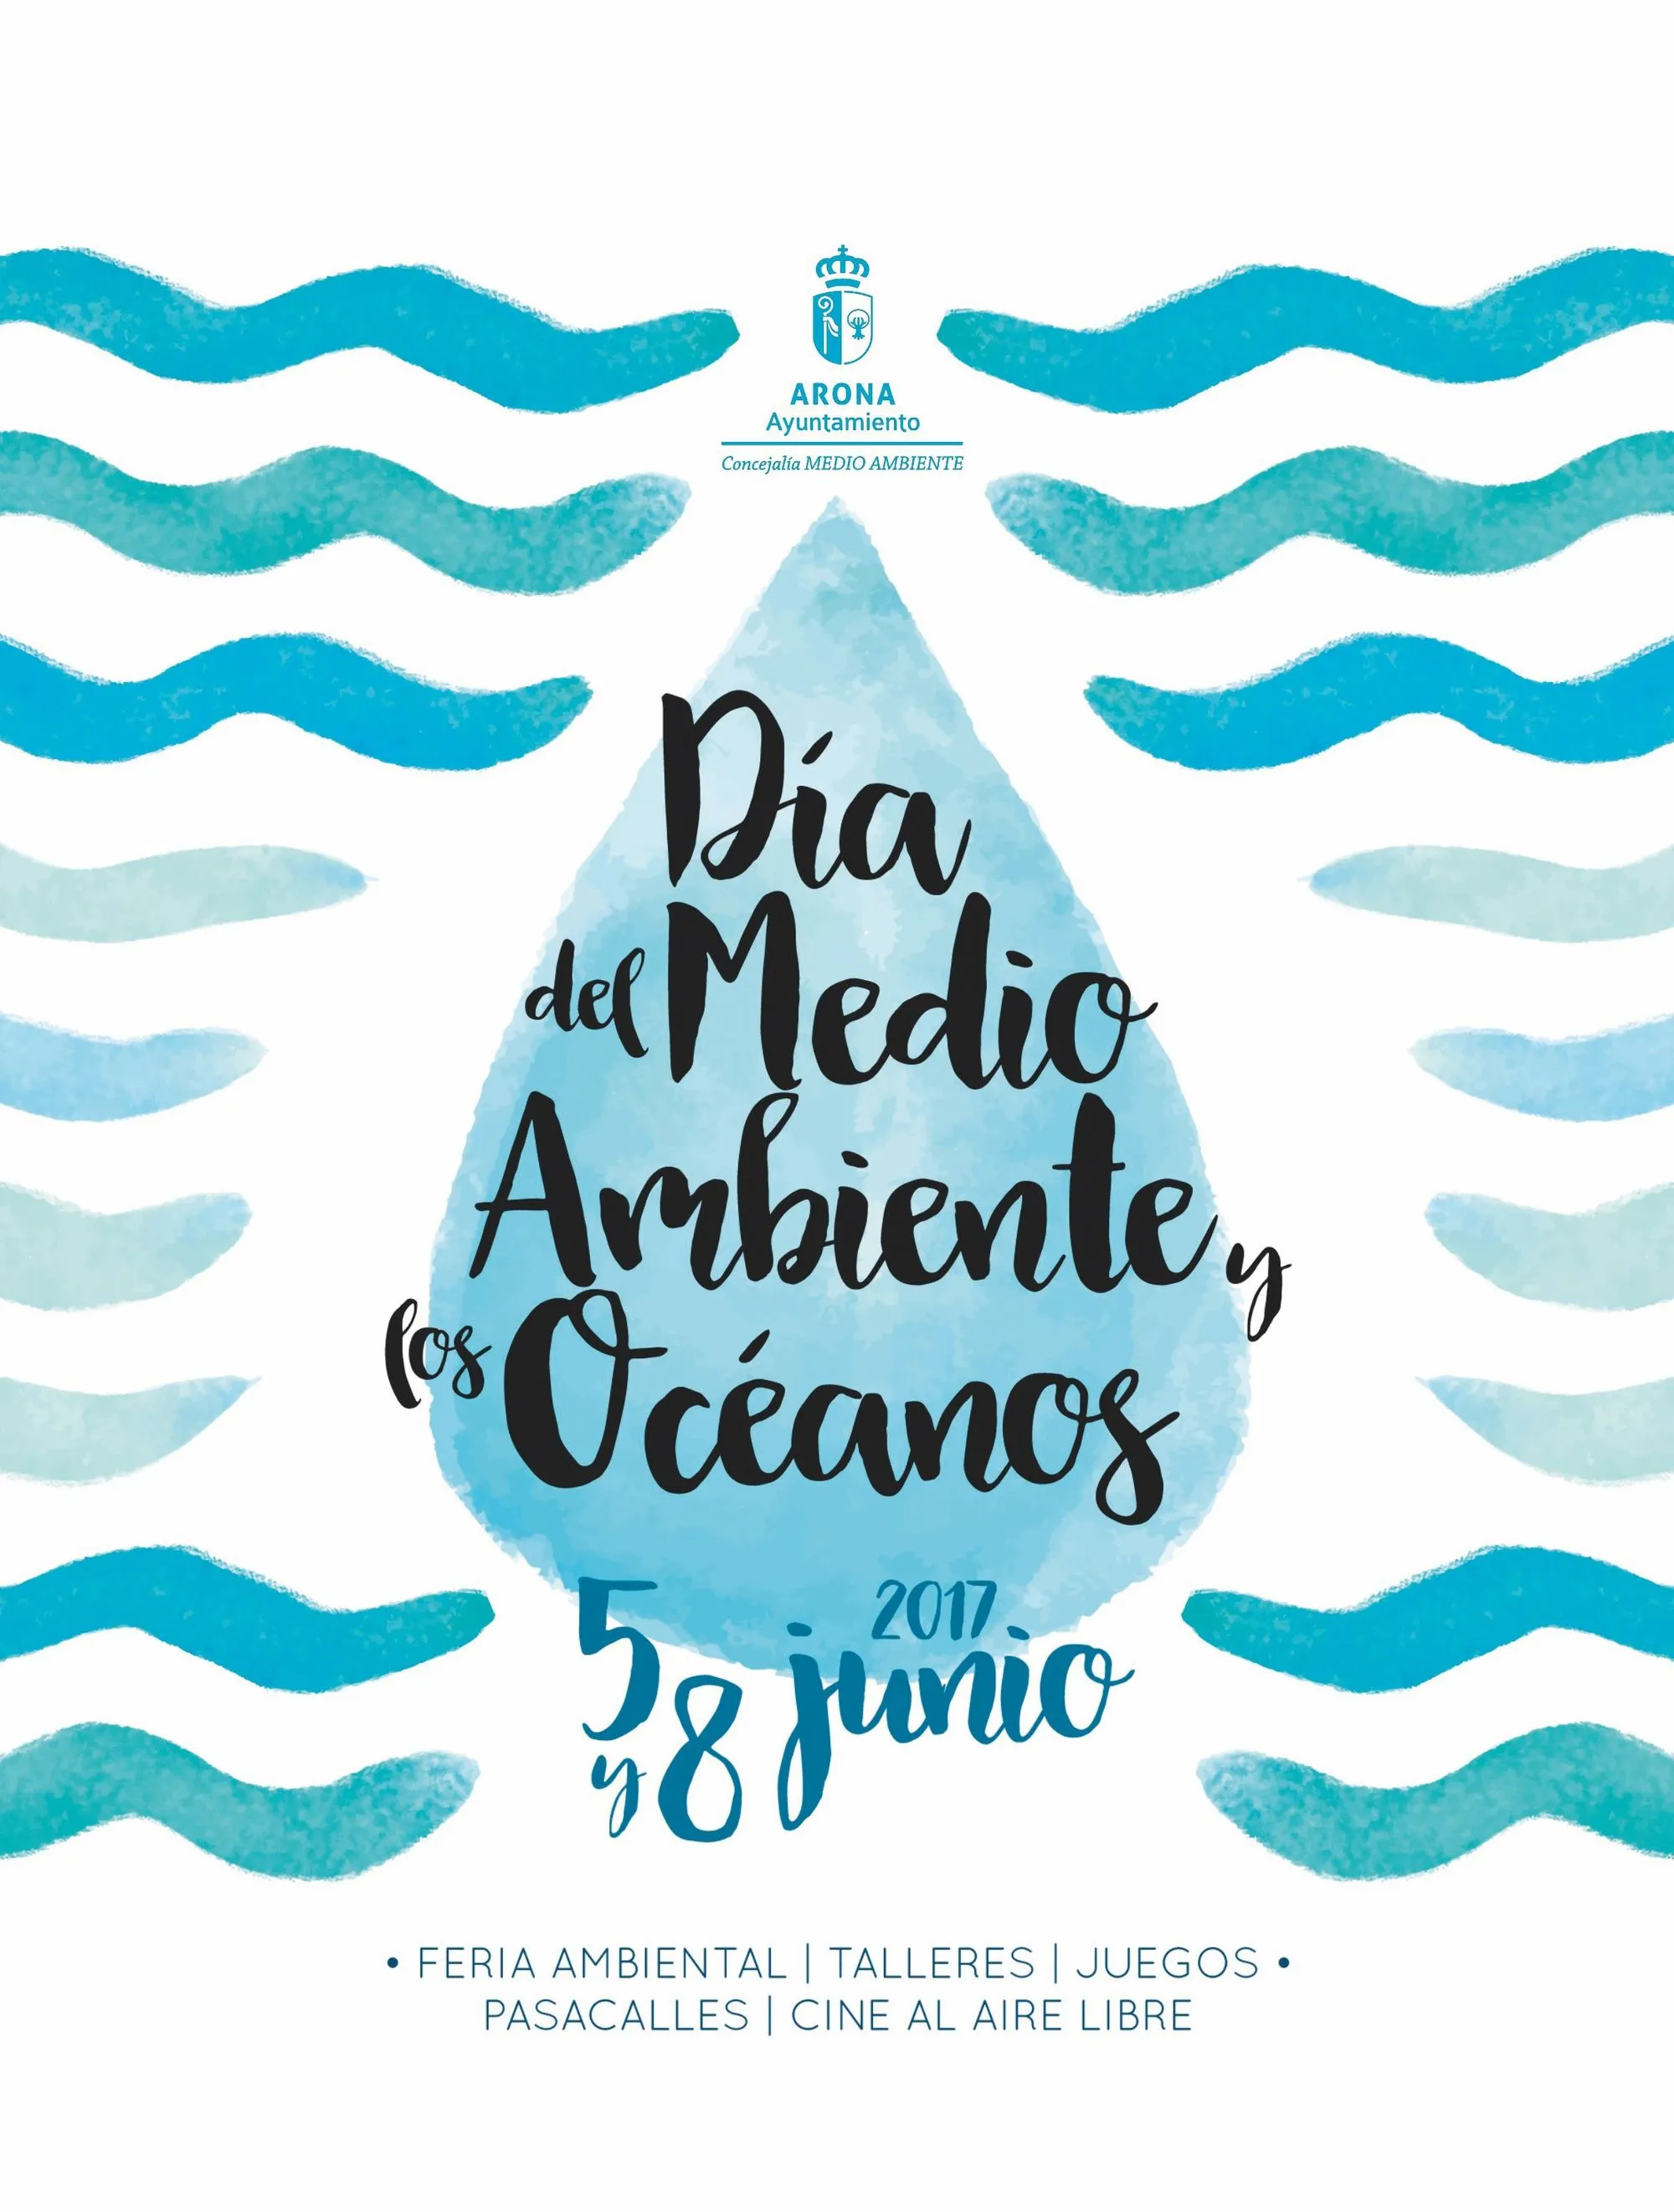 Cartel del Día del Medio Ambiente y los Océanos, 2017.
---
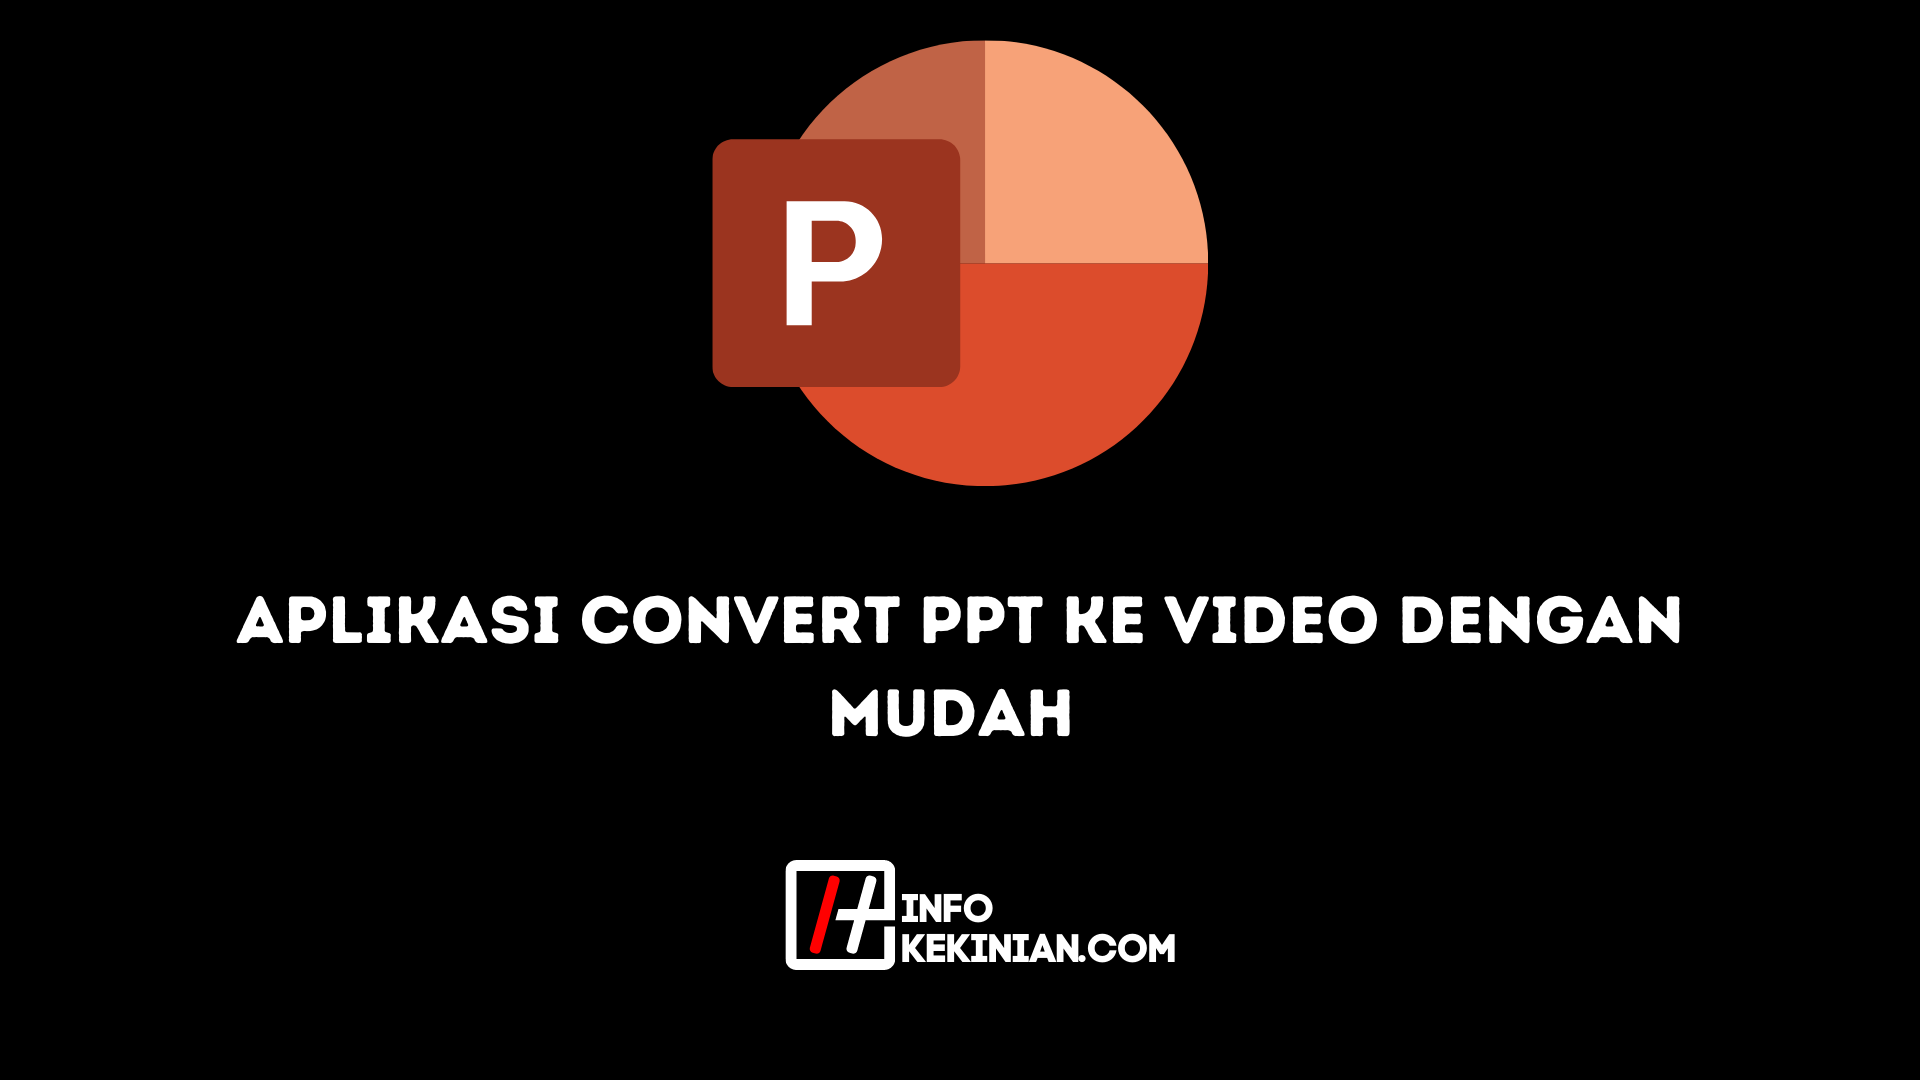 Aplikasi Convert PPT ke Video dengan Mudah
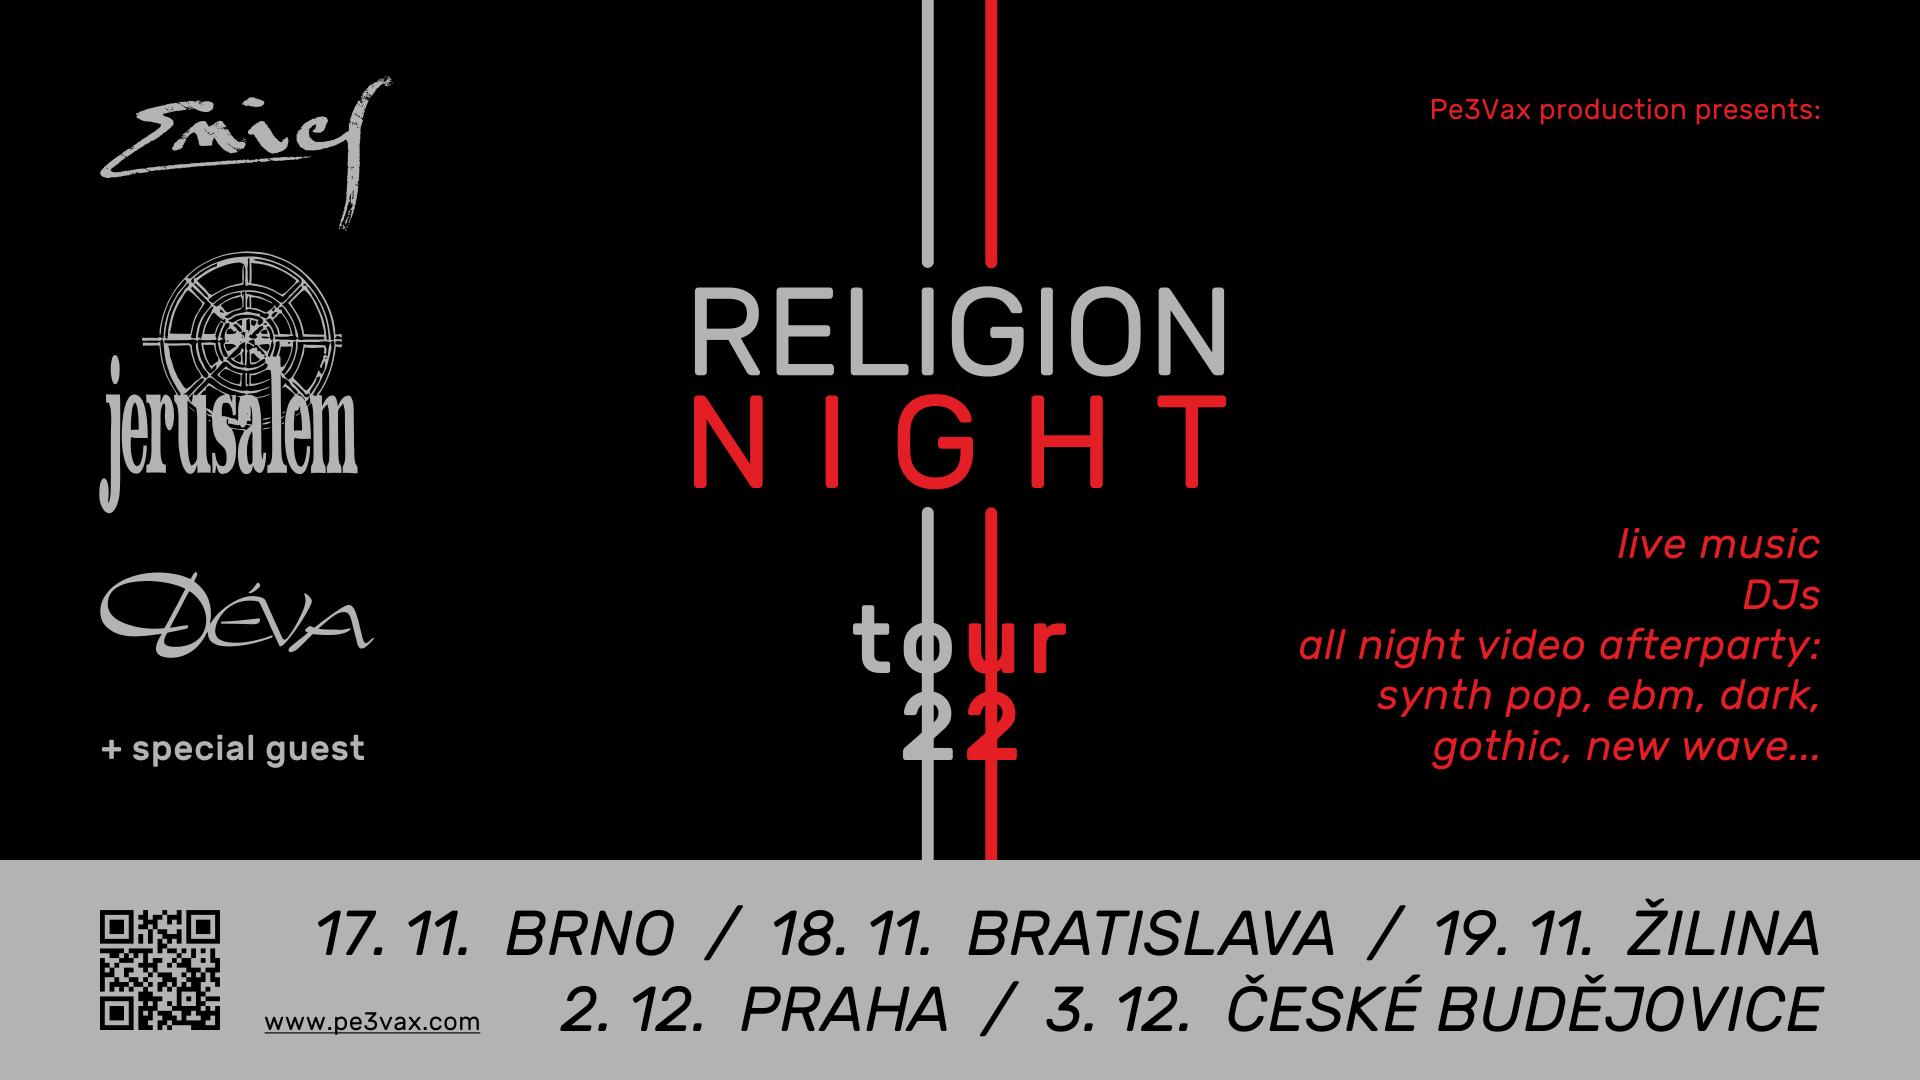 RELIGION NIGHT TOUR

About this task: Write out word for word the lines above that run from the one with "Aplikasi Convert PPT ke Video dengan Mudah" to the one with "RELIGION NIGHT TOUR". Include both end lines; exclude the images.

Answer to the problem:
 Aplikasi Convert PPT ke Video dengan Mudah
 RELIGION NIGHT TOUR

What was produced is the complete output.